- Outfielder
- Born: December 23, 1907 Burnsville, Alabama, U.S.
- Died: July 1964
- Batted: LeftThrew: Left

Negro league baseball debut
- 1930, for the Birmingham Black Barons

Last appearance
- 1943, for the Philadelphia Stars

Career statistics
- Batting average: .296
- Hits: 278
- Home runs: 20
- Runs batted in: 147
- Stolen bases: 11
- Stats at Baseball Reference

Teams
- Birmingham Black Barons (1930, 1940); Memphis Red Sox (1930); Chicago American Giants (1930, 1942); Indianapolis ABCs (1931–1933) (1931–1932); Homestead Grays (1932, 1934); Pittsburgh Crawfords (1932, 1937); Columbus Blue Birds (1933); New York Cubans (1936–1937); Washington Black Senators (1938); Indianapolis ABCs (1939) (1939); Jacksonville Red Caps (1942); Philadelphia Stars (1943);

Career highlights and awards
- Negro National League batting champion (1933);

= Jabbo Andrews =

American baseball player (1907–1964)

Herman Andrews (December 23, 1907 – July 1964), nicknamed "Jabbo", was an American professional baseball outfielder in the Negro leagues. He played from 1930 to 1943 with several teams.

==Baseball career==
Andrews played for eleven teams in ten seasons of baseball, which was spread over five different leagues (which included both incarnations of the Negro National League, the Negro American League, the Negro Southern League, and the East-West League). He had two breaks between his start in 1930 and finale in 1942. In four of his ten seasons, he played on multiples teams, and it was his 58 games with the Indianapolis ABCs (1931, 1932) that he played the most games with in a 263 game career.

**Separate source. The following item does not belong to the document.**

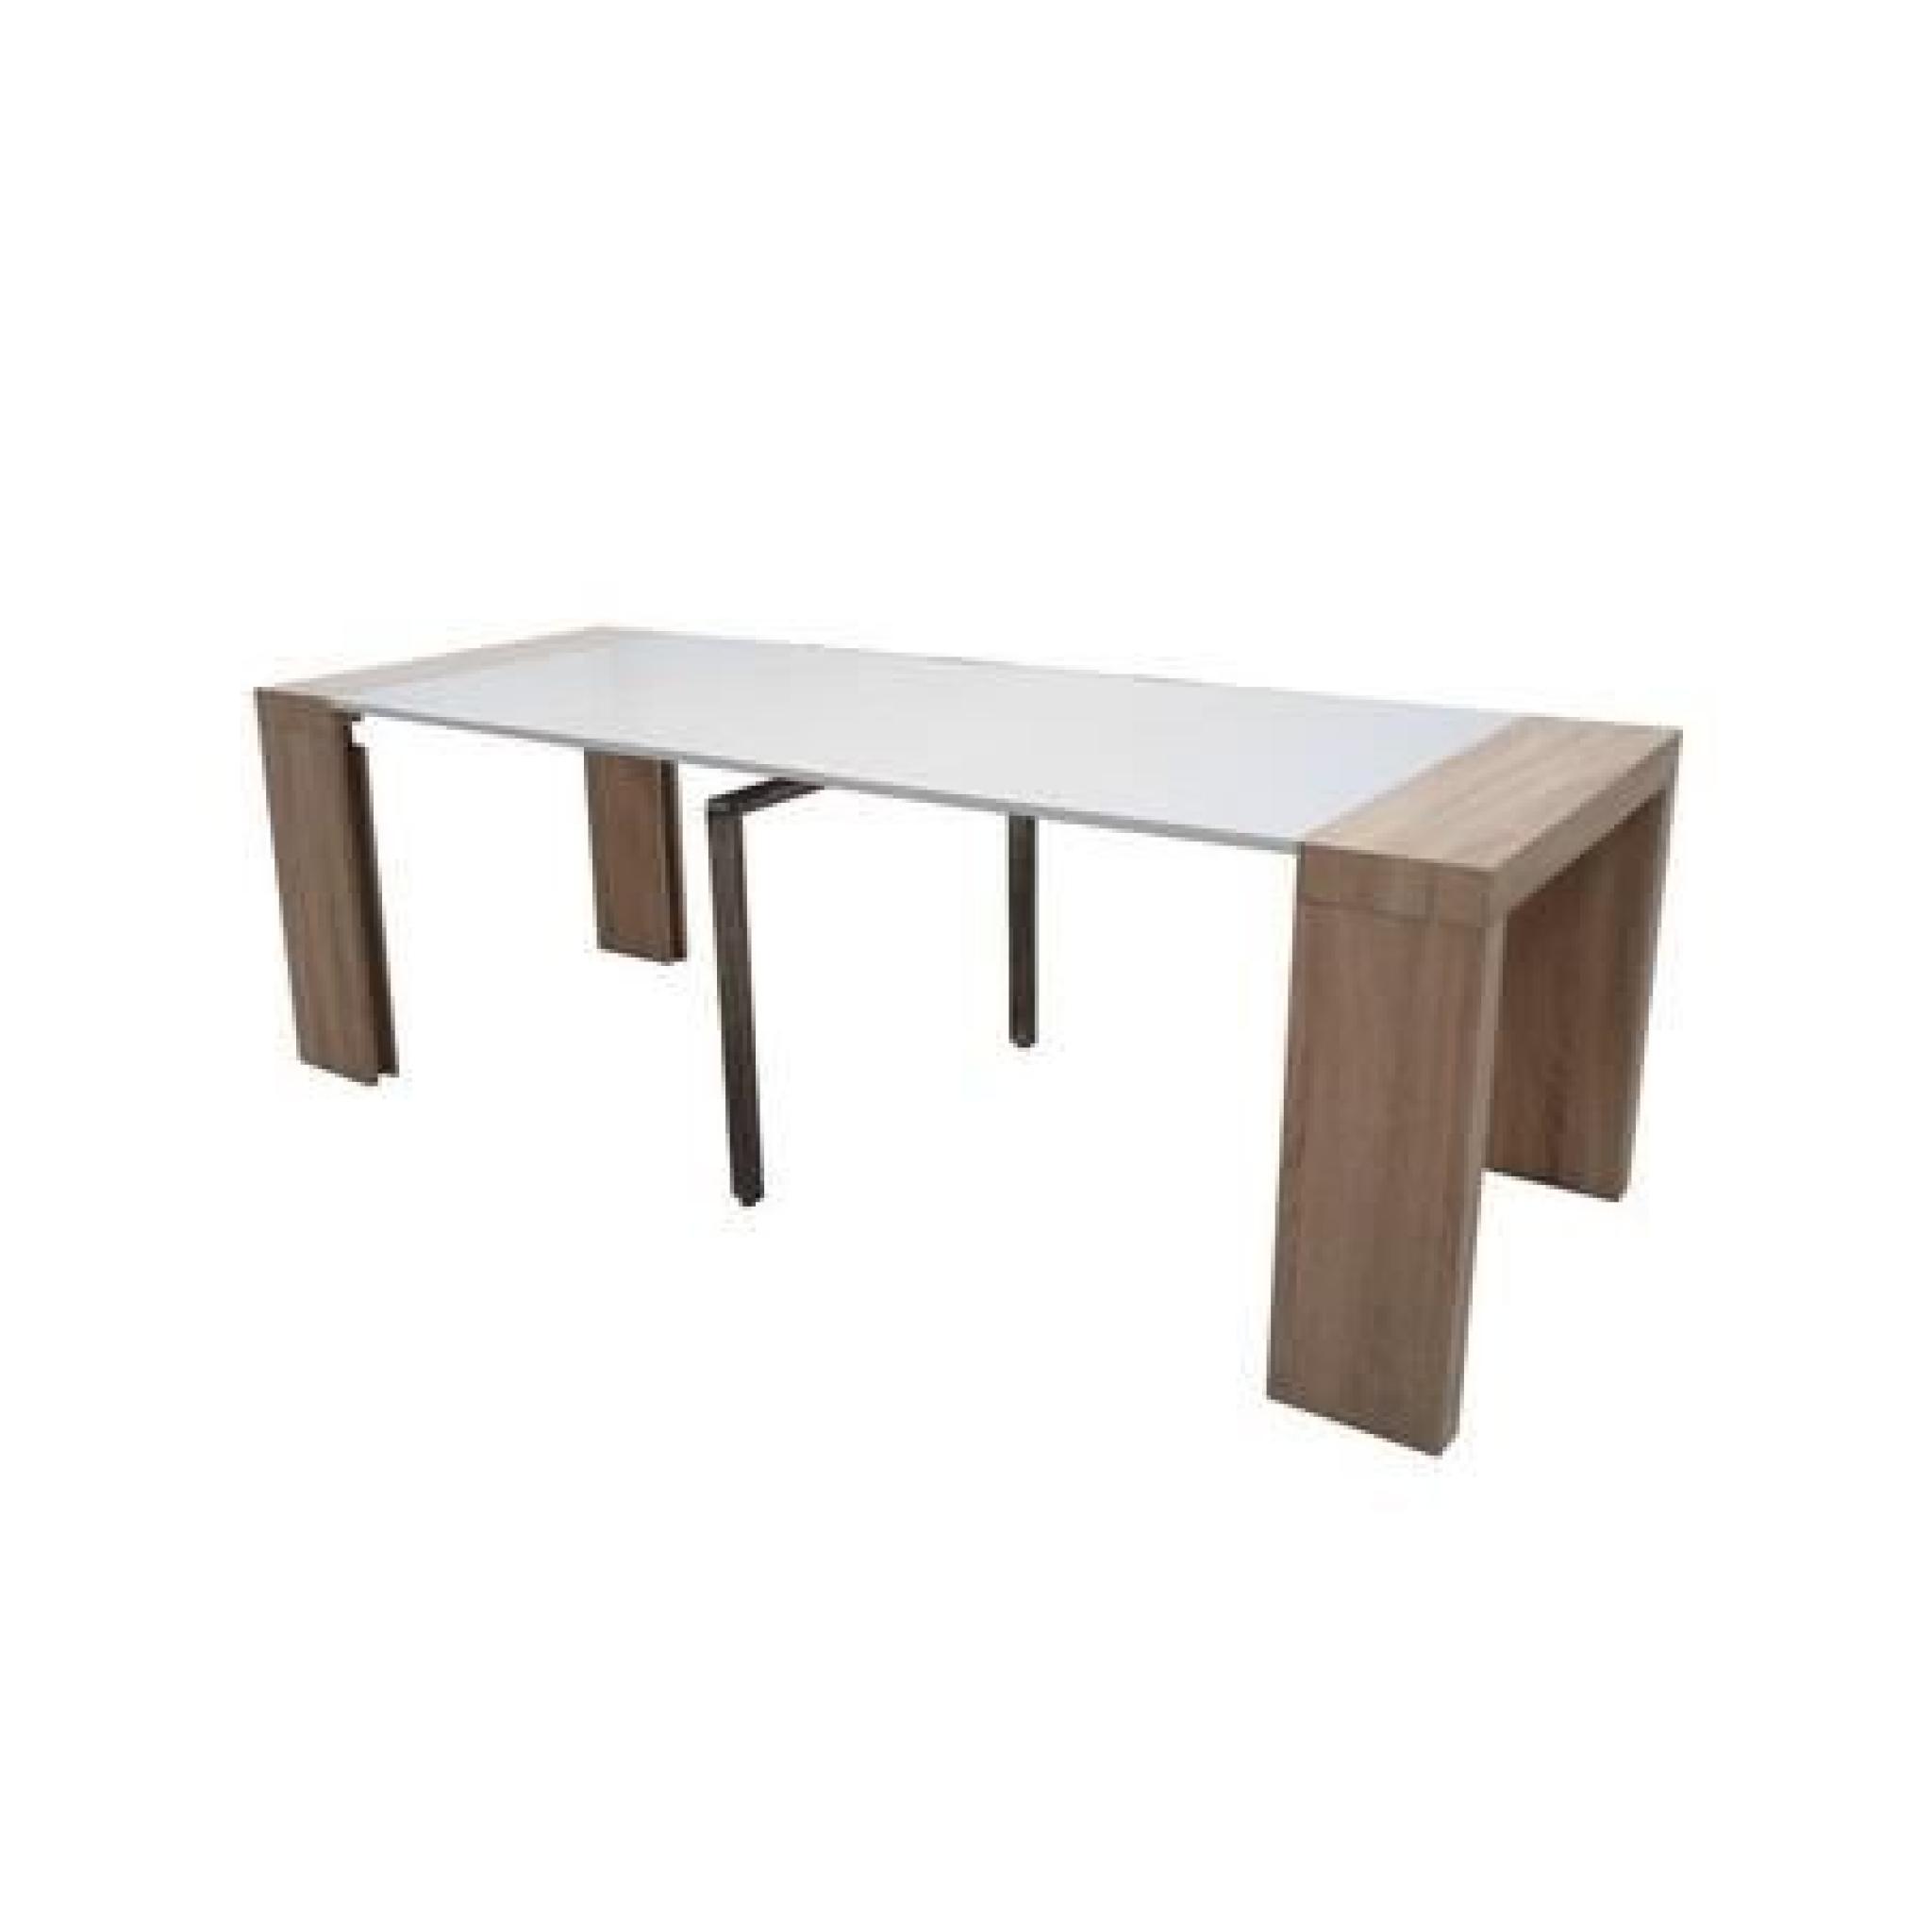 Table Console Extensible Othello 4 allonges Chêne clair -2m25-

In 1930, he batted .357 in 67 games for Birmingham, Memphis and Chicago, which included 46 runs batted in. The following year, he led the NNL in games played with 45, for which he batted .293 with 21 runs batted in. He batted .252 in 1932, but he rebounded in 1933 by leading the second incarnation of the Negro National League with a .398 batting average in 22 games played. He played less from 1936 on, batting .351 in just sixteen games before following it up with ten games in 1937 that saw him hit .107. He batted .250 in his second comeback attempt in 1942 with sixteen games.